No Idea, the bow seems like its more than 32" a t a. But thats a good size.


----------



## muzzyman1212 (Mar 28, 2009)

Bear is alright I have just never liked them to much. Thats just my opinion though. If you want a 3d bow I would check out the monster7, pse supra, bowtech specialist, Hoyt Am 35/maxxis 35, or elite xlr. Im sure the carnage is a fine bow though!


----------



## outdoorsman3 (Nov 15, 2010)

yeah, the price is a little hefty, but I am not looking for a 3d bow right now. maybe a year or so. when people sell them.


----------



## 702Cory82 (Dec 6, 2009)

the carnage is an awesome bow. Way under rated in my opinion.
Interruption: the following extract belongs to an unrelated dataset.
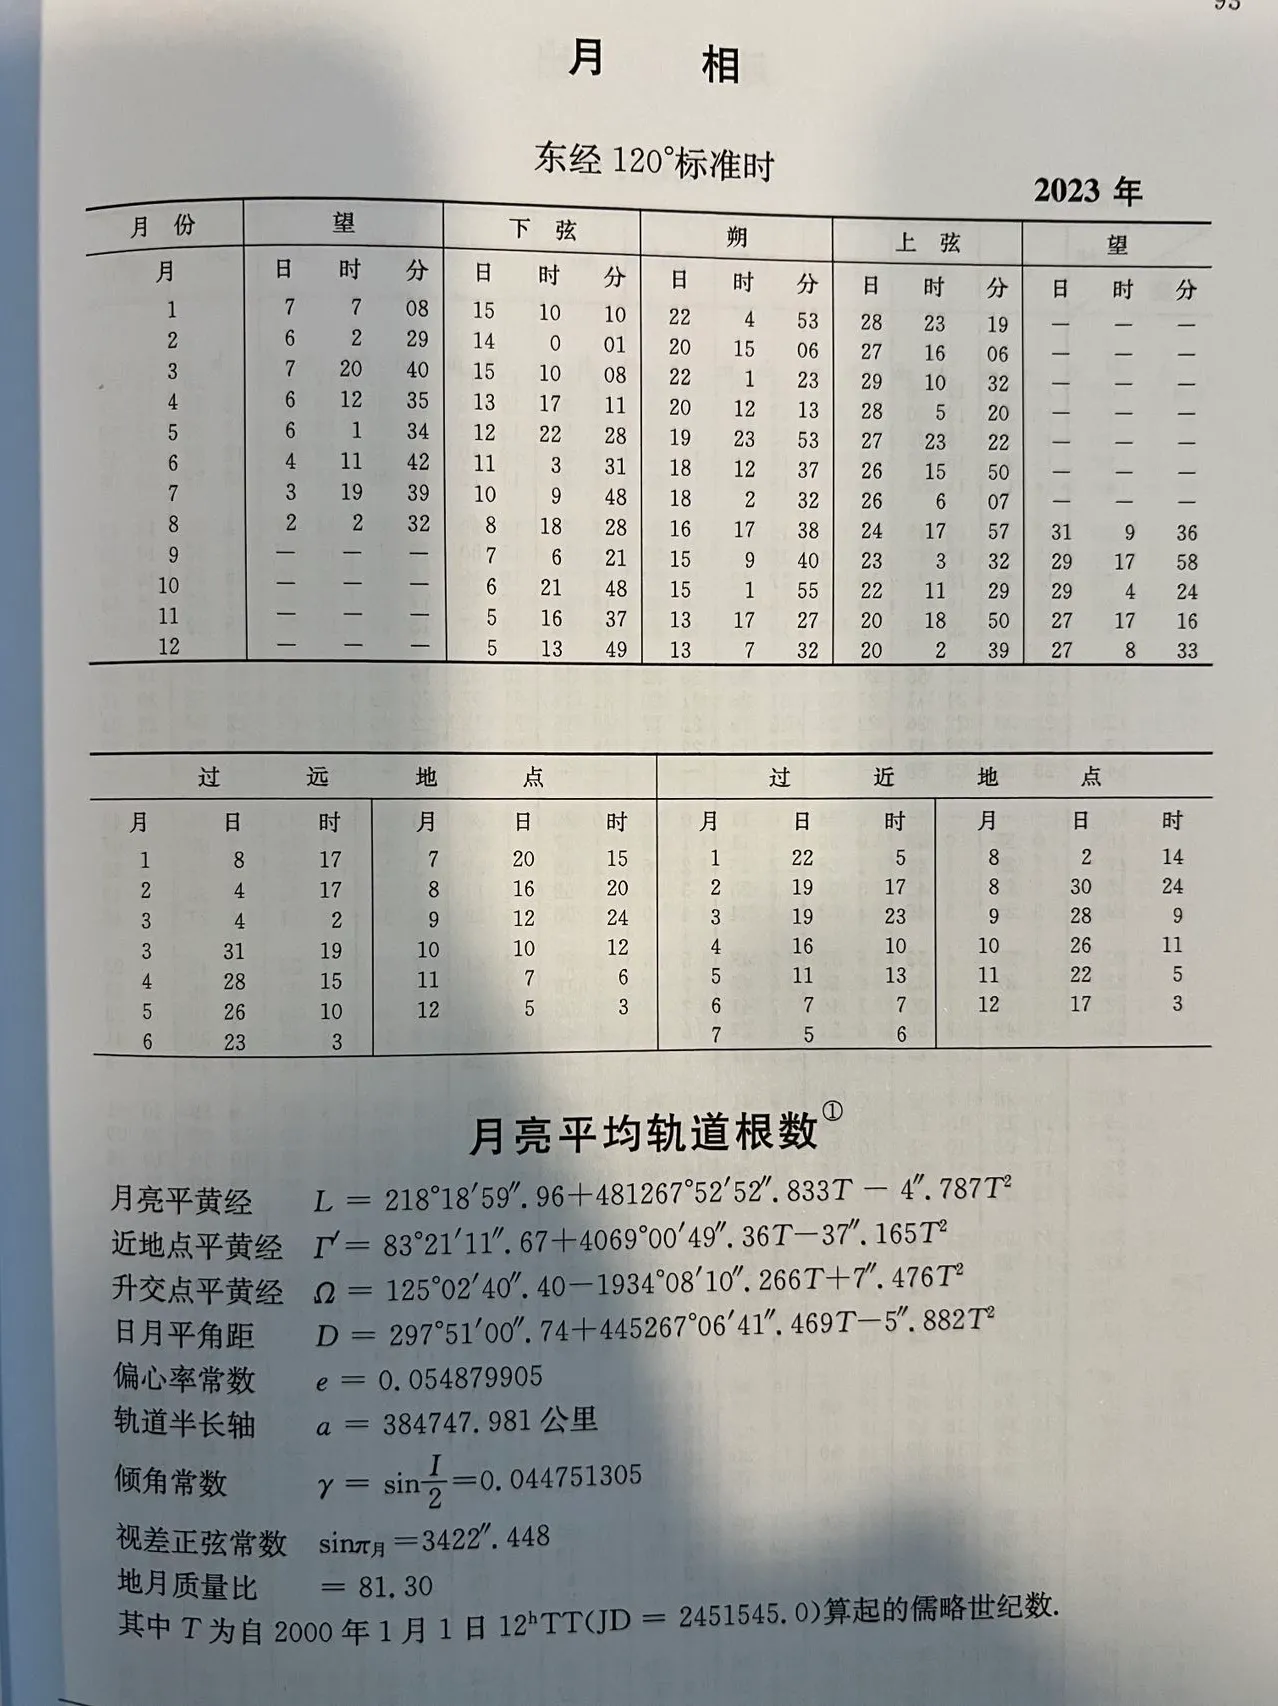 2023年月相，取自《2023年中国天文年历》

Its fast, easy to shoot and very accurate. its also very, very quiet with no shock or vibe. If the bow said mathews on it, it would probably get looked at a whole lot different. Definately a shooter.


----------



## bigbulls10 (Jul 25, 2010)

i have the attack (carnage little brother) and who ever said they ibo at 325 is full of it. maybe that is how fast they are getting which is smoking but im get 295 out of my attack 60lbs 28 inch draw 321 grain arrow and ishoot it for 3d and it has been chronographed.


----------



## bigbulls10 (Jul 25, 2010)

oh and pse has a few past parallel at rest bows but most are parallel until drawn back and bear had the past parallel split limb design back in the 80's


----------



## BassinBowhunter (May 6, 2011)

I shot the Carnage last week, and while we didn't chrono it, it was a fast bow with now handshock/vibration! It was also quiet too, and they was shooting at an indoor range. I don't really understand why Bear gets looked down upon by so many people on here, but I thought it was a quality bow! If I had the money to upgrade, I would definitely look at this bow! It is doing what most dual cam bows with less than 7 inch brace height are doing with a single cam and a 7.25 brace height!


----------



## outdoorsman3 (Nov 15, 2010)

sweet! I am sure it would be a great 3D bow, I will look into them in a year or so when they are like 300 bucks.


----------



## jodipuma (Feb 24, 2011)

same just got my used instinct im set till 2014


----------



## WHAC Hunter (Jul 3, 2006)

I got my 2009 Game Over right before last hunting season & took my elk with it, I love this bow! Its a very smooth draw cycle, extreamly quiet, no viberation/ hand shock & the IBO is 307, fast enough for this old dude lol!


----------



## ken1018 (Mar 10, 2010)

I love my Bears! My Carnage is getting between 330 and 338 fps. It is the nicest hunting bow ever, right in front of the Attack and the Elite GT500. I know 2 guys on Hoyts pro staff and they both said that the new Bears are amazing. Everyone needs to give them a chance and give Elite a chance.


----------



## WHAC Hunter (Jul 3, 2006)

ken1018 said:


> I love my Bears! My Carnage is getting between 330 and 338 fps. It is the nicest hunting bow ever, right in front of the Attack and the Elite GT500. I know 2 guys on Hoyts pro staff and they both said that the new Bears are amazing. Everyone needs to give them a chance and give Elite a chance.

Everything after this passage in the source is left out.